* Required action:
What you return should match the listing exactly, minus its images.

* Data shown:
__________________________________________________

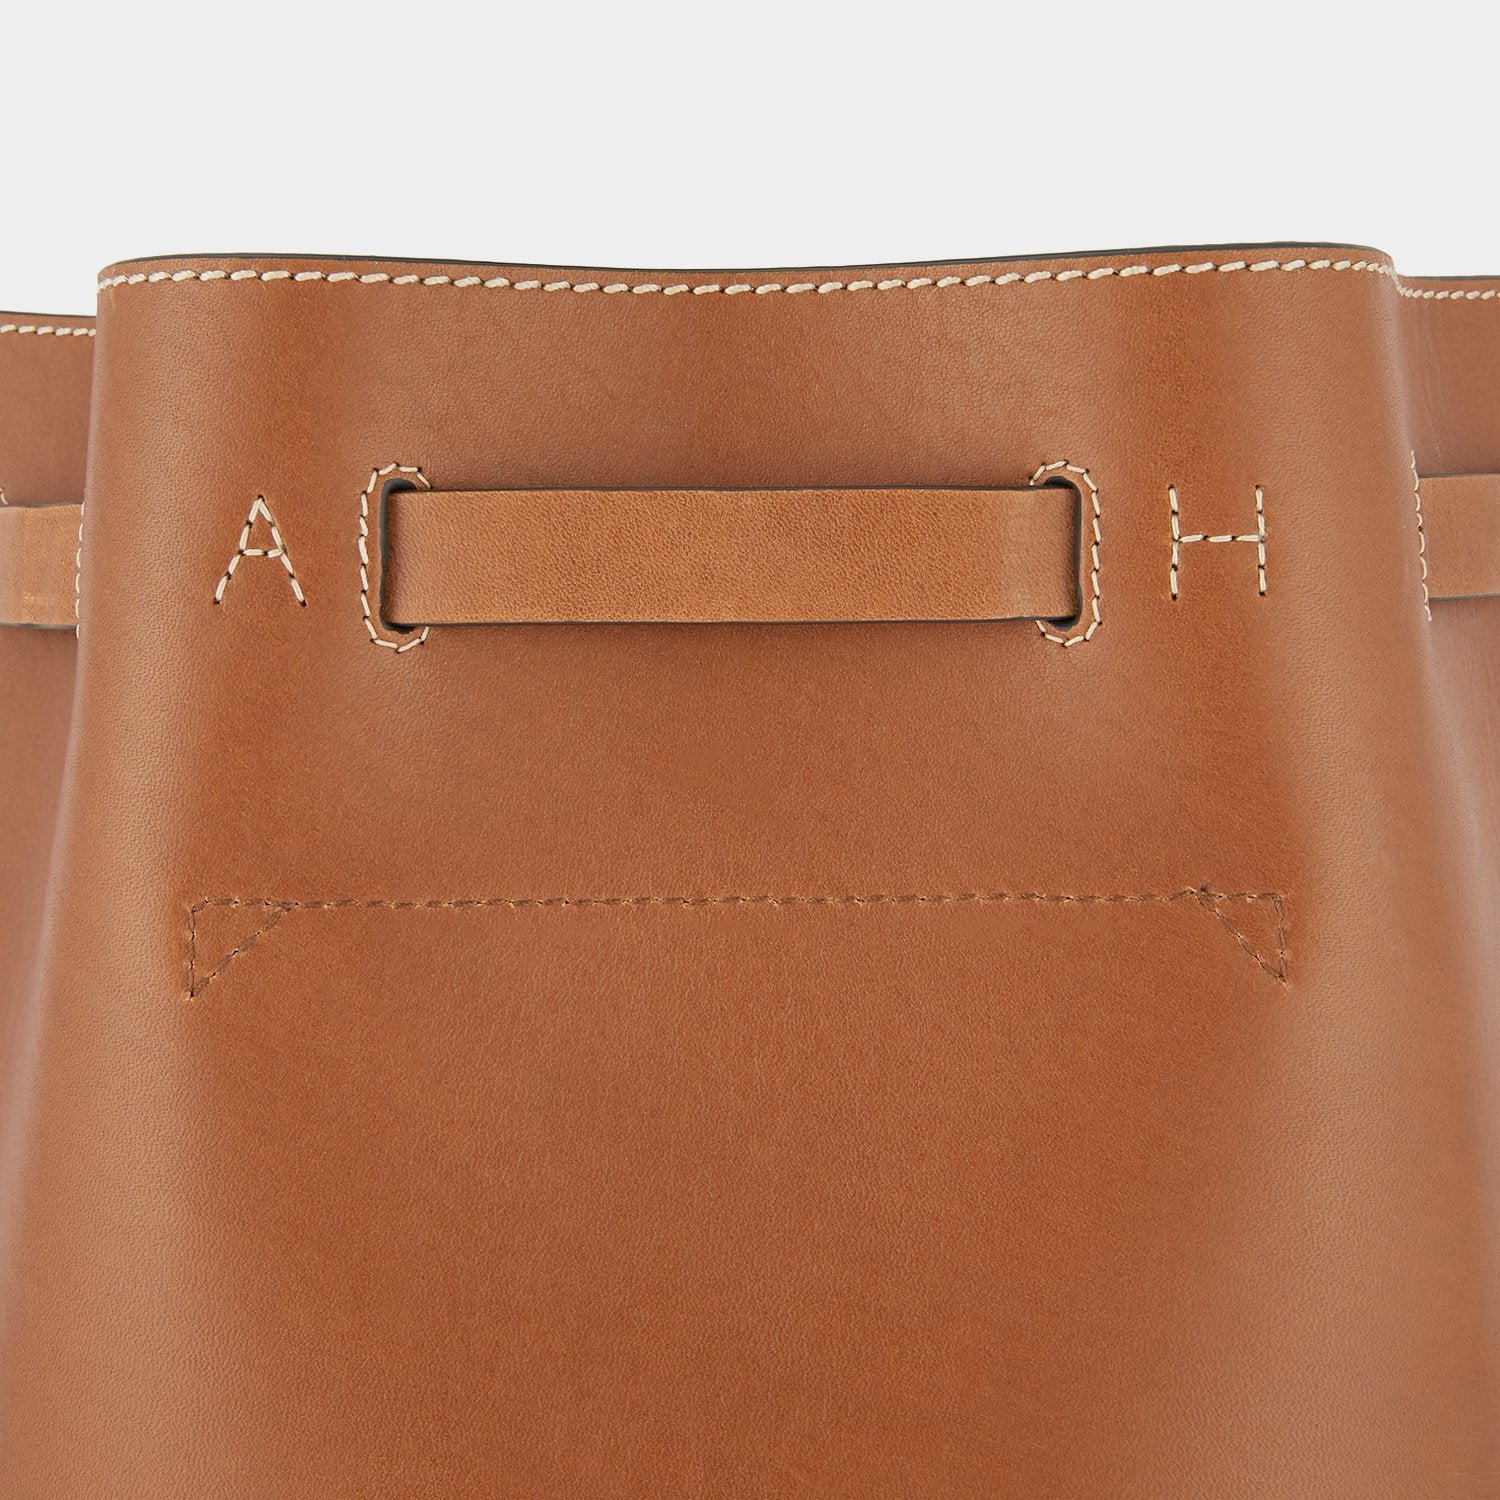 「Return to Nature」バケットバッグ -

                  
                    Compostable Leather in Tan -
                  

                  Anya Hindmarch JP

__________________________________________________

* Answer box:
 「Return to Nature」バケットバッグ -

                  
                    Compostable Leather in Tan -
                  

                  Anya Hindmarch JP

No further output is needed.